Yvan Allaire connaît bien Bombardier. Engagé d’abord comme conseiller en 1985, il a été vice-président exécutif du fleuron québécois de 1996 à 2001, où il était près du dossier du CRJ. En entretien avec La Presse, M. Allaire a évoqué la fin d’une « grande aventure » et a souligné le manque d’intérêt d’Ottawa pour sauver l’industrie.

Est-ce que l’annonce d’hier est une bonne nouvelle pour Bombardier ?

C’est une bonne nouvelle pour Bombardier. Son avenir dans le domaine de l’aviation commerciale était clairement menacé après le transfert de la C Series. Après avoir vendu le Q400 et maintenant le CRJ, essentiellement, Bombardier n’est plus dans l’aviation commerciale.

Est-ce la fin d’une époque ?

C’est sans aucun doute la fin d’une époque. C’était une grande aventure. Le CRJ était vu comme un pari audacieux, presque autant que la C Series. Un pari qui a réussi merveilleusement.

Tranquillement, on est passés à des 70 places, puis à des 90 places. La marché a atteint sa maturité. Bombardier cherchait la phase suivante et a misé sur la C Series. C’est un pari qui s’est avéré hasardeux et qui ne s’est pas bien terminé.

C’était à l’époque où l’on pensait que le Canada pouvait jouer un rôle dans l’aviation internationale commerciale, mais le pays n’a pas eu la volonté d’appuyer l’industrie. C’est très exigeant des gouvernements et il n’y a pas eu de consensus national à ce niveau.

Est-ce un manque de soutien du gouvernement qui est en cause ?

Le gouvernement provincial a fait ce qu’il avait à faire avec les ressources qu’il avait. Le gouvernement fédéral a été assez hésitant et, finalement, n’a pas abouti à grand-chose.

Contrairement à l’industrie automobile, pour laquelle un soutien implacable a été accompagné des ressources financières nécessaires, il n’y avait pas de volonté du fédéral de faire survivre l’industrie de l’aviation commerciale au pays.

Est-ce que ç’aurait pu être différent ?

Il y avait une volonté affirmée d’Airbus et de Boeing de bloquer le chemin à un troisième concurrent dans les gros porteurs. Ç’aurait été une partie difficile, sans garantie de victoire, mais si le gouvernement avait mis les ressources nécessaires, les perspectives auraient été meilleures. C’est difficile de refaire à rebours l’histoire, mais rappelons-nous que dans les derniers milles, le gouvernement fédéral n’a accouché de rien.

Est-ce que la transaction avec Airbus annonçait le retrait définitif de Bombardier du commercial ?

C’était écrit dans le ciel que Bombardier se retirait de l’aviation commerciale pour se concentrer sur les avions d’affaires, un énorme marché dans lequel Bombardier est un joueur de premier plan.

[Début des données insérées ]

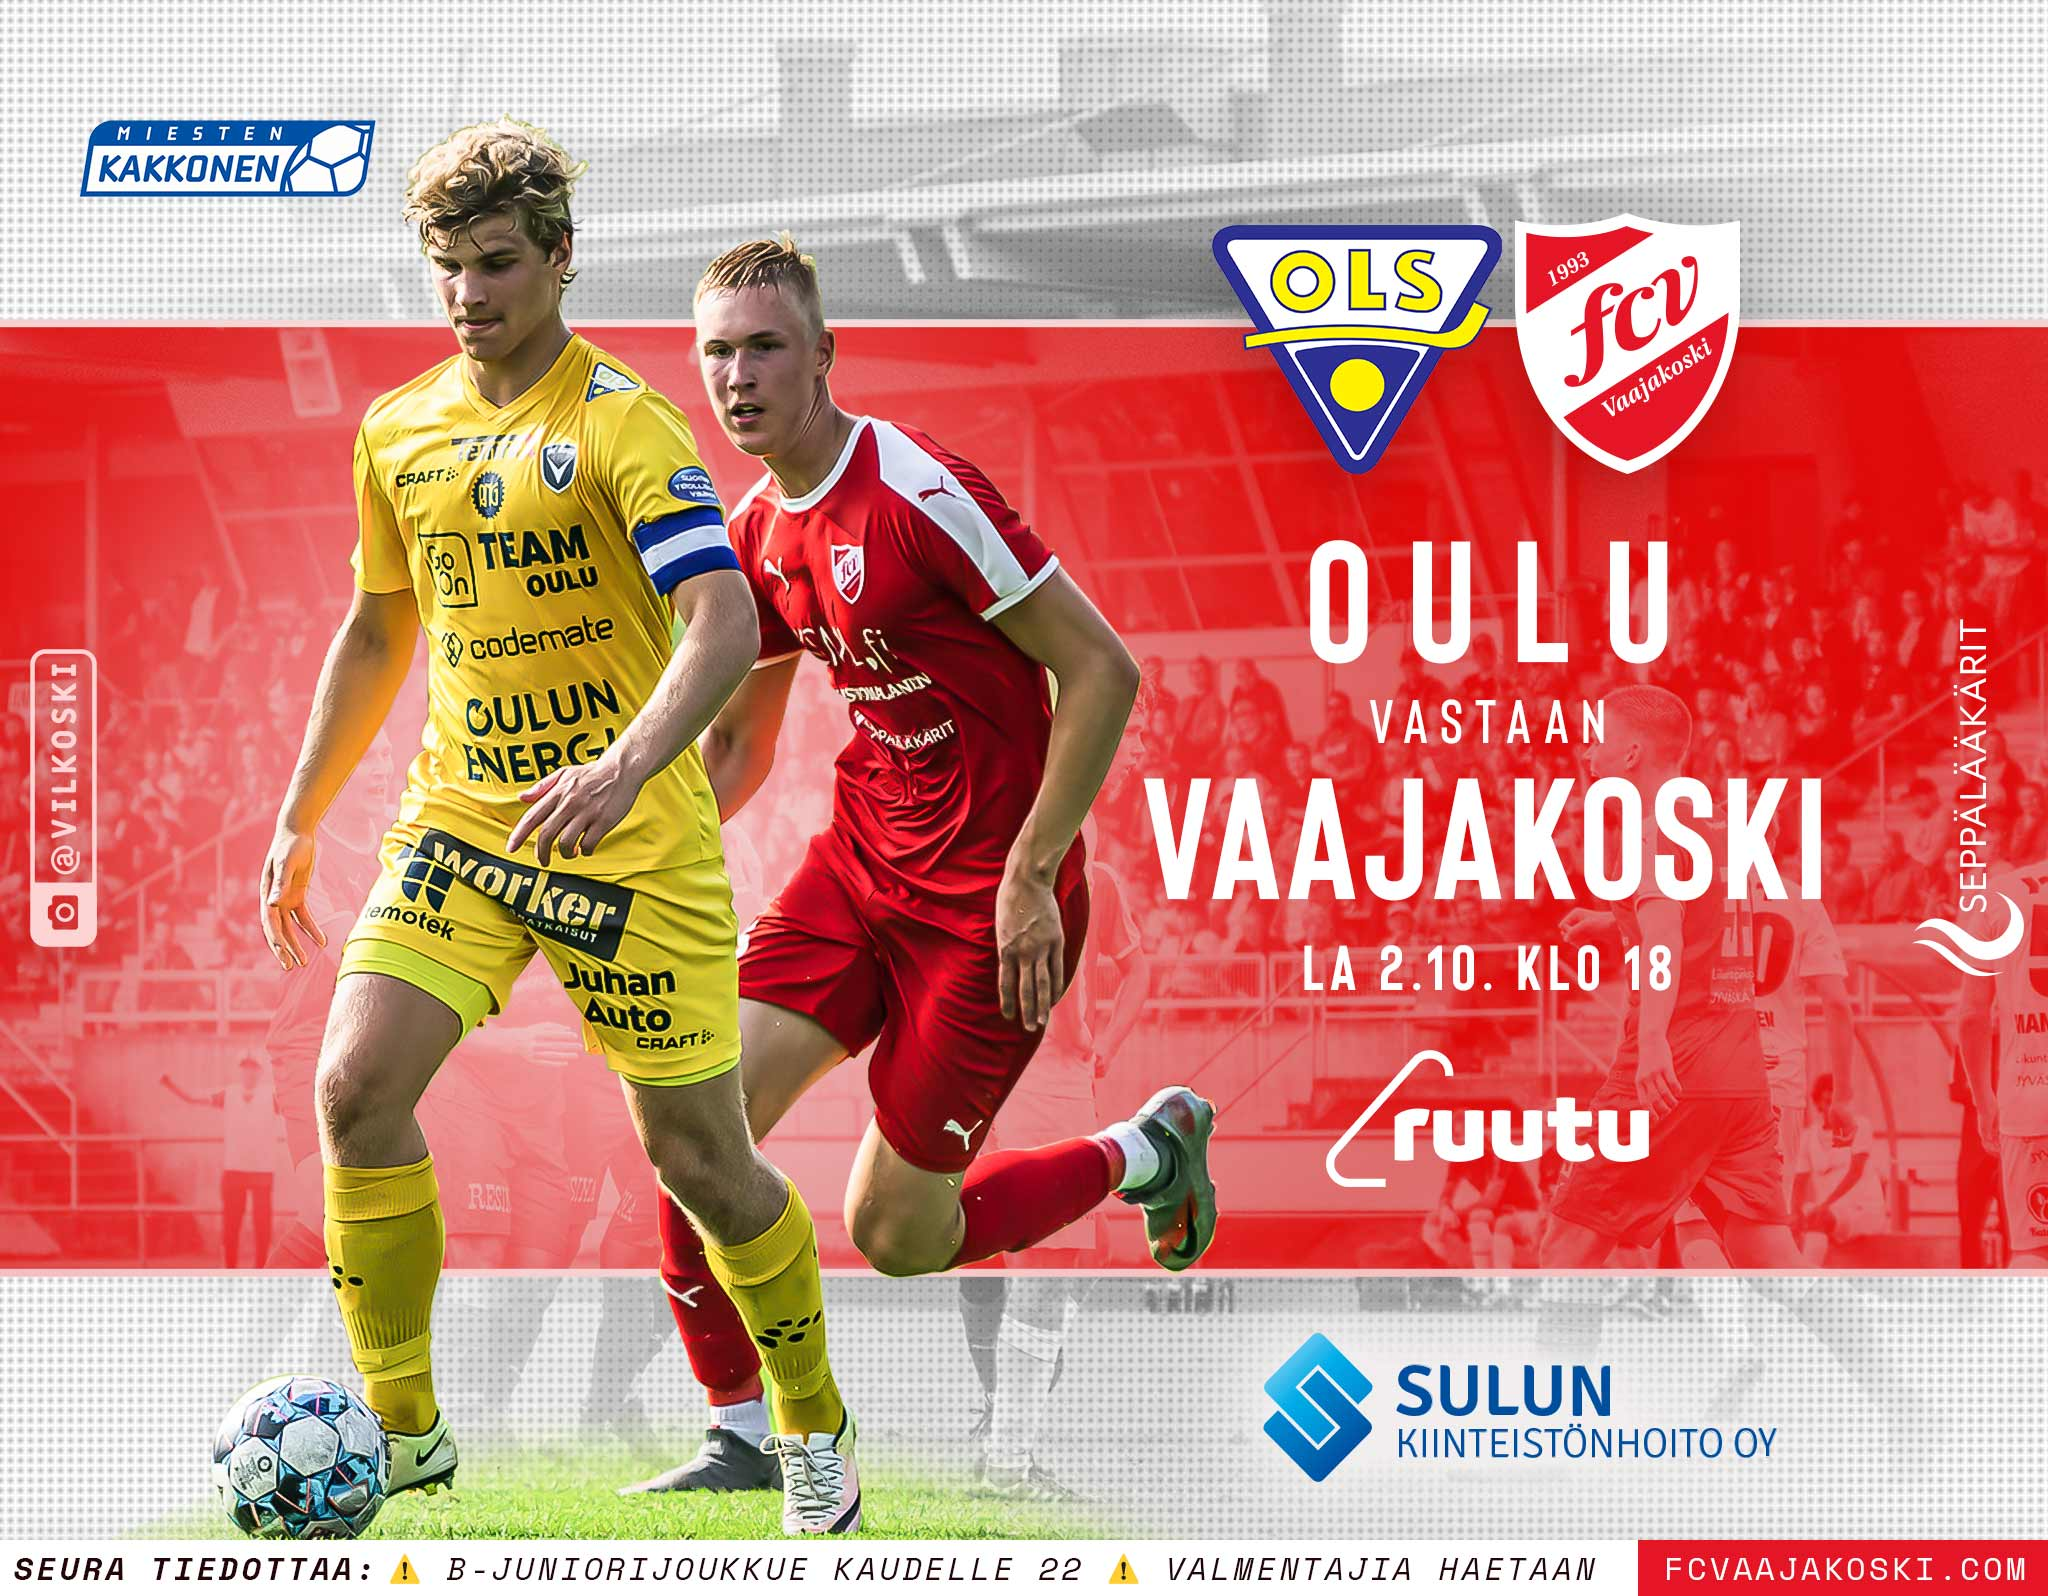 OLS v FC Vaajakoski

Cinq cent cinquante millions, est-ce une bonne affaire ?

Tout est relatif. On dit que les CRJ 50 et 70 perdaient de l’argent. Dans ce temps-là, on vend la valeur d’un avion homologué. Un avion homologué pour les États-Unis et l’Europe, ça a une grande valeur. Cinq cent cinquante millions est un montant substantiel pour acheter un avion, son homologation en particulier. 

Mitsubishi a-t-elle acheté un bateau qui coule ?

Non. Mitsubishi a décidé d’être un joueur dans les avions régionaux. Ils se créent une flotte en Amérique du Nord avec des appareils homologués. Ils n’achètent pas un bateau qui coule, mais un produit qui est à maturité en Amérique du Nord et jusqu’à un certain point en Europe. 

Qu’en est-il des emplois au Québec ?

Il est bien possible qu’à moyen terme, il y ait des pertes d’emplois. L’assemblage d’avions CRJ se fait encore ici. Puisque le volume de ventes n’est pas très grand, le nombre d’emplois est assez modeste. Il faudra plutôt regarder du côté d’Airbus, des décisions qu’elle prendra avec la C Series et des nombreux emplois qui y sont associés. 

Que représentait le CRJ à l’époque où vous étiez en poste ?

C’était un grand défi. Beaucoup d’experts ne croyaient pas qu’il y avait de la place pour un jet dans ce marché. Ce fut une période très stressante, mais éventuellement couronnée d’un grand succès. C’était une période enthousiasmante et emballante. 

Êtes-vous nostalgique ?

C’était certainement de grandes années. Comme Canadien et Québécois, je regrette que le Canada et le Québec n’abritent plus de fabricants d’avions commerciaux. 

Y a-t-il un retour au commercial envisageable pour Bombardier ?

Je ne crois pas. Une fois les appareils vendus, c’est très difficile de revenir en arrière. Bombardier n’avait pas le choix de faire la transaction avec Airbus. C’était la seule issue.